BRIEF DESCRIPTION OF THE DRAWINGS
[0012] FIG. 1 illustrates data structures in one example of a
verifiable Log-Backed Map (VLBM) in the data structure verification
(DSV) system disclosed herein.
[0013] FIG. 2 illustrates how the VLBM may encode the state and
state changes of a process.
[0014] FIG. 3 illustrates the functional relationship between VLBM
components shown in FIG. 1.
[0015] FIG. 4 shows how multiple, per-client DSV instances may be
"stacked".
[0016] FIG. 5 illustrates a "lopsided" Merkle tree.
[0017] FIGS. 6 and 7 illustrate different aspects of a skip
list.
[0018] FIG. 8A illustrates a 1-2 skip list and FIG. 8B illustrates
a corresponding 2-3 tree.
[0019] FIGS. 9A-90 illustrate the structure and principles of a
Sparse Merkle Tree (SMT).
[0020] FIGS. 10A-10D illustrate a Verifiable Log of Registry
Changes (VLORC).
DETAILED DESCRIPTION
[0021] Disclosed here is an arrangement for data structure
verification (referred to generally as the "DSV system" or simply
"DSV") that addresses the issues mentioned above.
[0022] Among many others, DSV lends itself well to use cases such
as: [0023] Providers of a service platform may wish to prove to
users that it has followed the agreed service process [0024] A
governmental entity may wish to be able to prove that it has
followed proper procedure for processing applications for the grant
of some benefit [0025] Mortgage or title registry, where a document
must exist "in one copy only" [0026] eVAT wherein one must prove
that both buyer and sellers of goods, plus the appropriate tax
authority, all agree on a particular sequence of facts being
reported with respect to VAT collection for a given shipment of
goods. A further assumption may even be that the tax authority
employees themselves cannot be trusted to keep records
honestly--they might delete records, etc.) [0027] A university
diploma registry where one must prove that a diploma has been
reviewed according to a specified process, and all the appropriate
authorities have agreed to the authenticity of a provided document.
Additionally, it may be desired to be able to see a complete list
of all diplomas issued and/or a complete list of permissions given
to stakeholders over time.
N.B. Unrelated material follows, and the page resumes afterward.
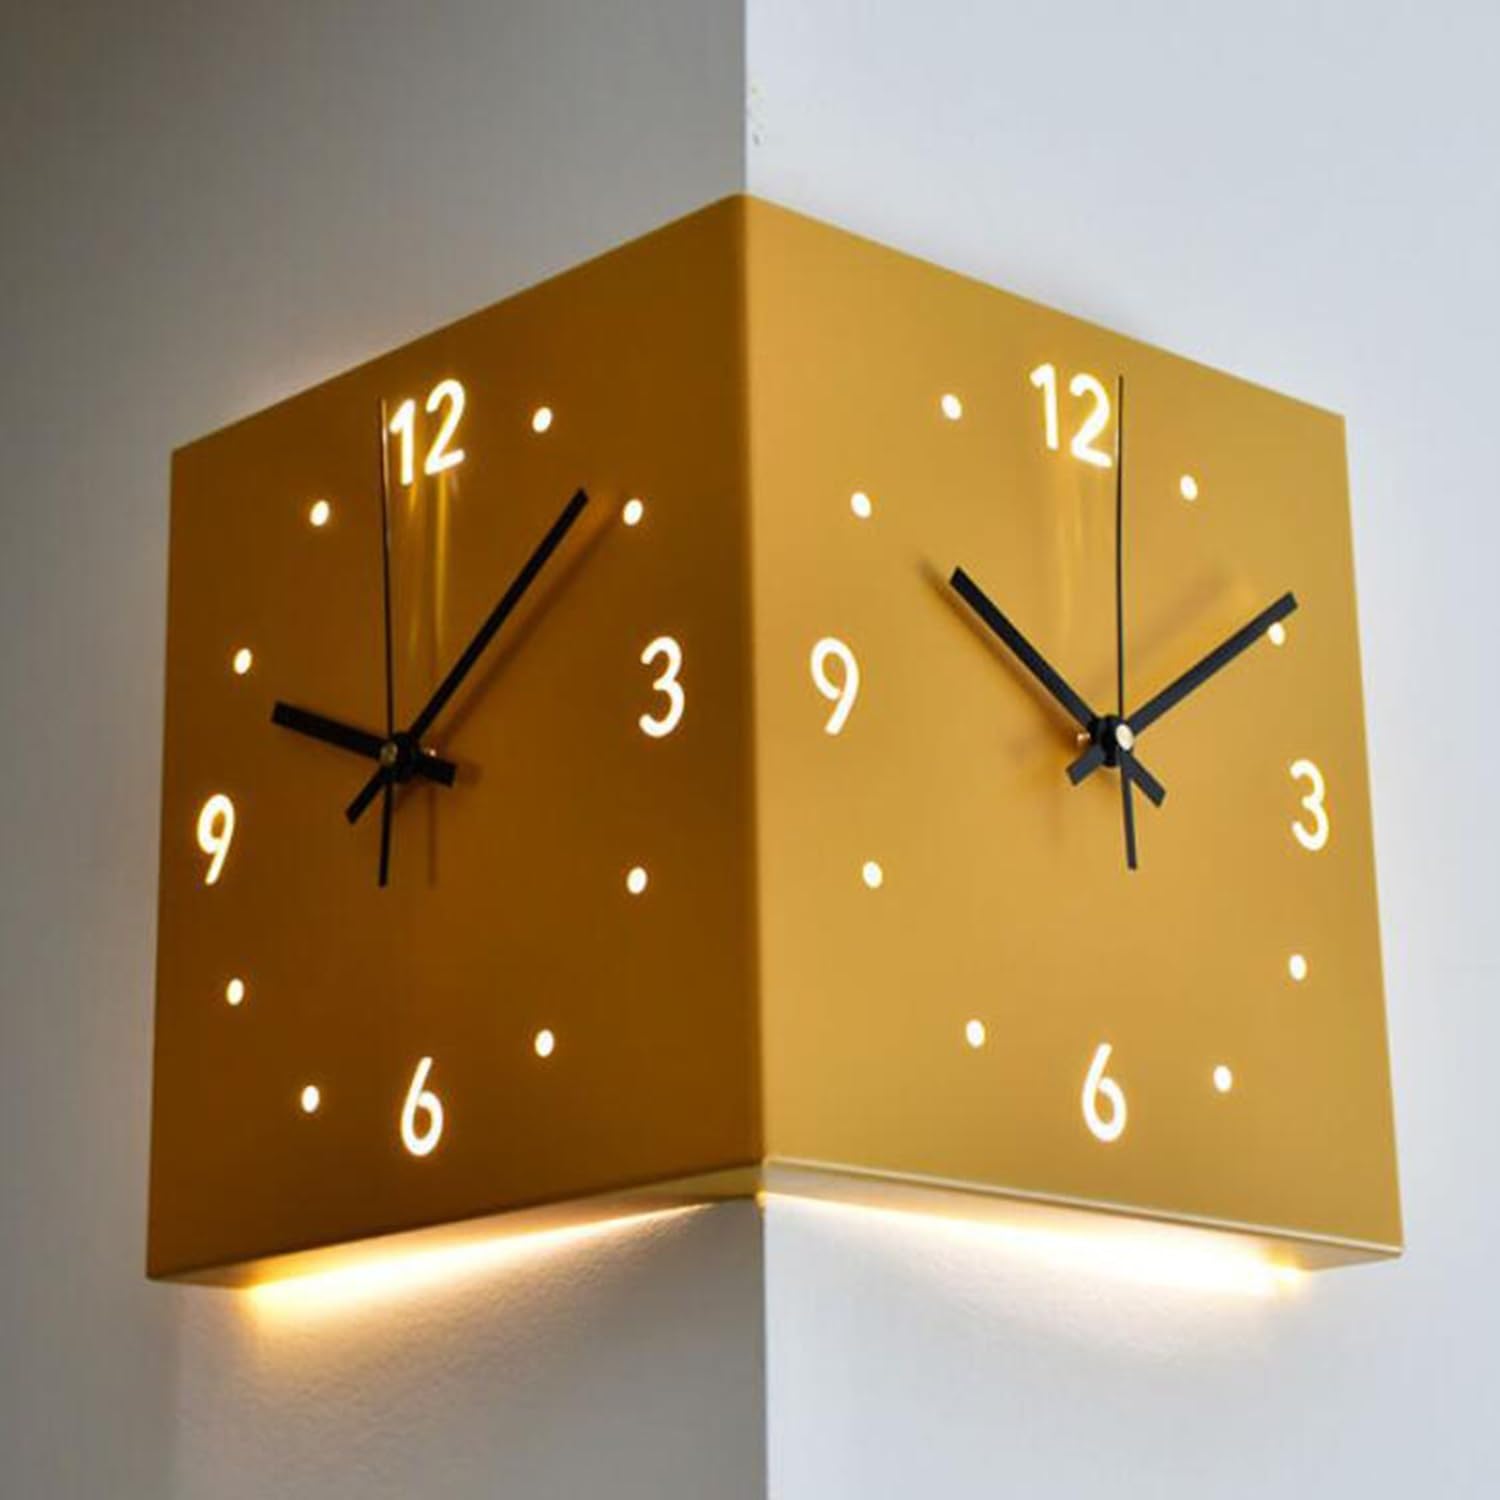 KYOFIS Double-Sided Corner Wall Clock

Such a proof should be able to be
verified by employers, etc., and reliance on it should be
cryptographically sound.
[0028] These use cases, which are of course simply a few of the
many possible ones, share common features: There is a need to
provide a registry of users, and bind them digitally to an
authorized identity (User Registry). A "registry" may be any data
structure that can store digital representations of whatever items
(which themselves may already be in digital form) are to be
tracked. Examples are given below.
[0029] Further, in many cases Users (any entity that creates data
that is to verifiably included in the data structure) should hold a
particular role or office or other authorization level, at the time
of their authorization (CEO of company, member of tax authority,
current owner of mortgage). Therefore there is often a requirement
to maintain an organizational or hierarchical registry, and be able
to prove membership, change membership (joining or leaving a
company, for example), revoke and add keys, etc., so that it is
possible to construct a practical system that can accomplish the
above using signatures, if those signatures are based on a private
key of some kind. These features are not universal however, and
other use cases will have other characteristics, although the
assumption is that some process is to be made verifiable.
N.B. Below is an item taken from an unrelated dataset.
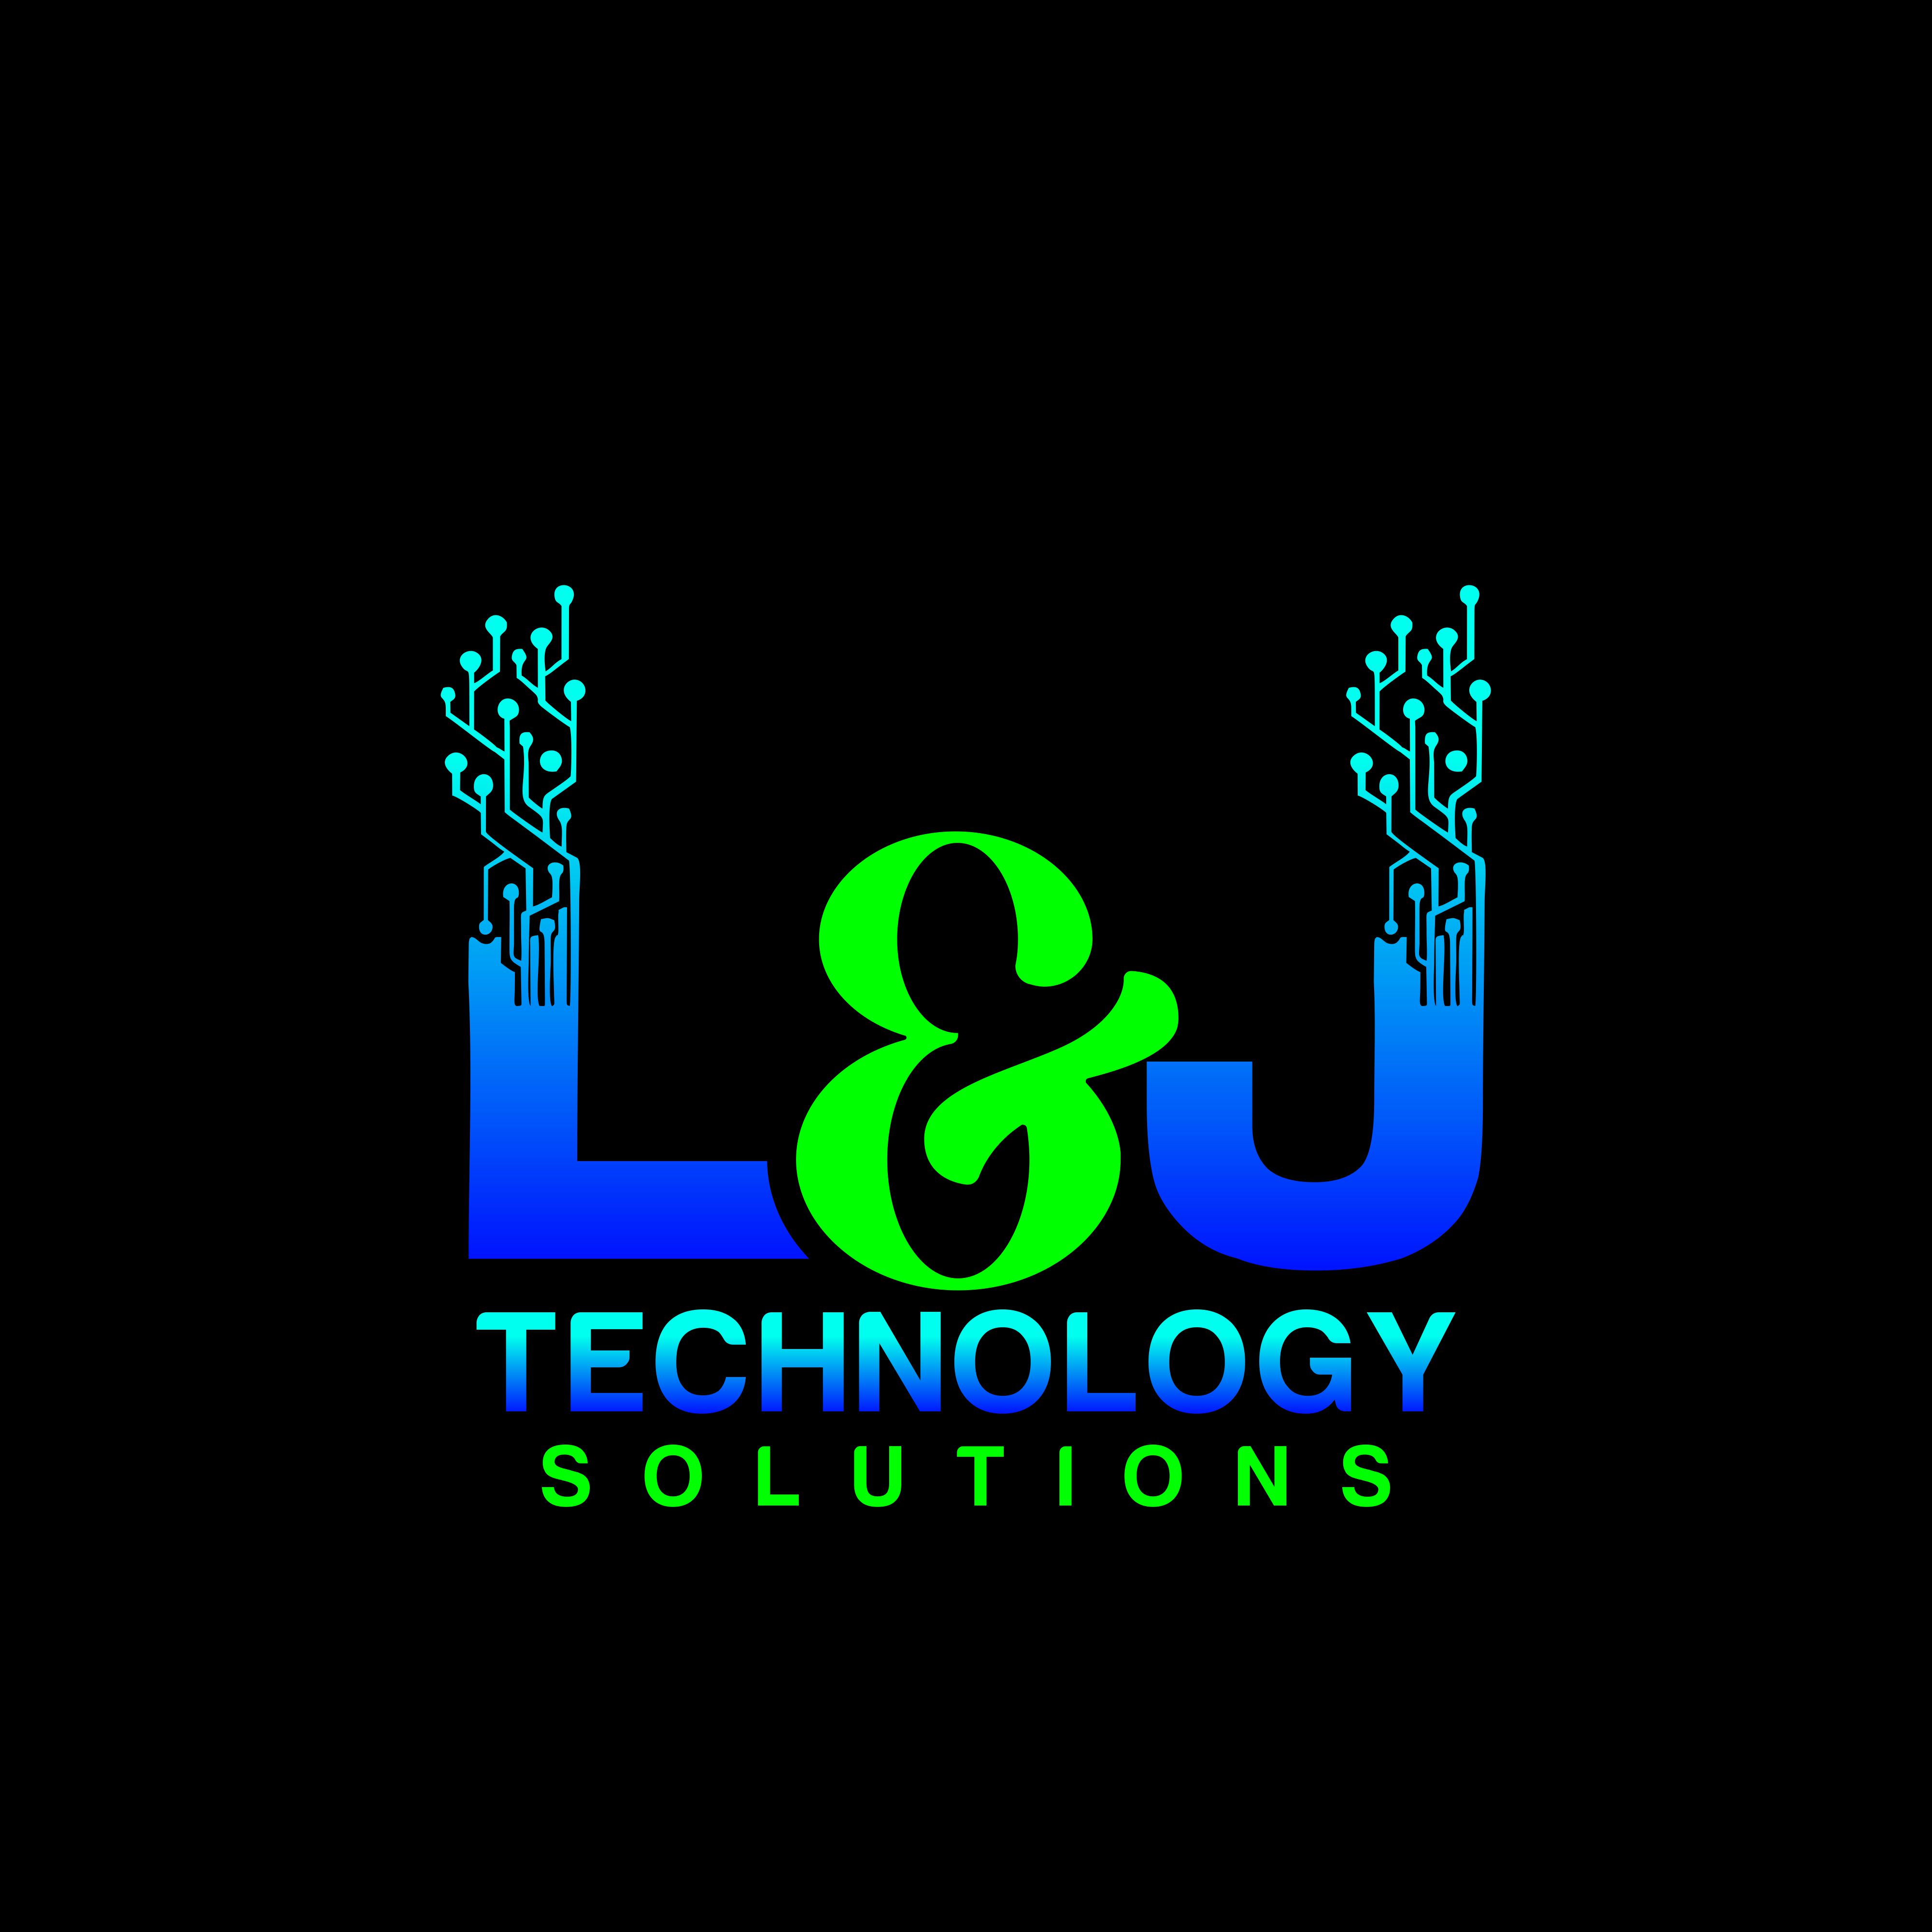 L&J Technology Solutions

[0030] Embodiments may be used to verifiably track any type of
object--even abstract items such as steps in a chain of
decisions--that can be identified, represented, or encoded in
digital form. The "state" of the object may be defined in any
chosen manner. In general, it will be a digital representation of
at least one aspect of the object to be followed. For example, a
document, possibly plus metadata, could be represented as a hash of
all of part of its contents. The metadata could include such
information as who is its current owner/administrator, time, codes
indicating rules such as permissions, indications of decisions,
etc., and/or any other information a system administrator wishes to
include. In a manufacturing process, information such as unit or
part IDs, digital codes assigned to the different manufacturing
stations or processing steps, measurements of characteristics,
shipping location, etc., could be represented digitally and form an
object that may change over time. For abstract objects such as a
chain of decisions, identifiers of the decision-makes, indications
of times and of the respective decisions, notations, etc., could be
encoded digitally in any known manner and entered into a registry
and tracked.
[0031] As used here, a process is a series of actions or steps
taken in order to achieve an end. Some simple examples of processes
are: issuing a certificate/document; amending property ownership
records or a list of voter registrations; and a series of
manufacturing steps to create a product. There are of course
countless other processes that comprise a series of actions or
steps.
[0032] Processes may be defined as states and transitions, that is,
changes of those states. For example, the state of a document might
be "unauthorized" or "authorized", and some user action may cause
the state of the document to change from the one to the other.
Transitions may be caused not only by intentional user action, but
may also occur automatically or even naturally.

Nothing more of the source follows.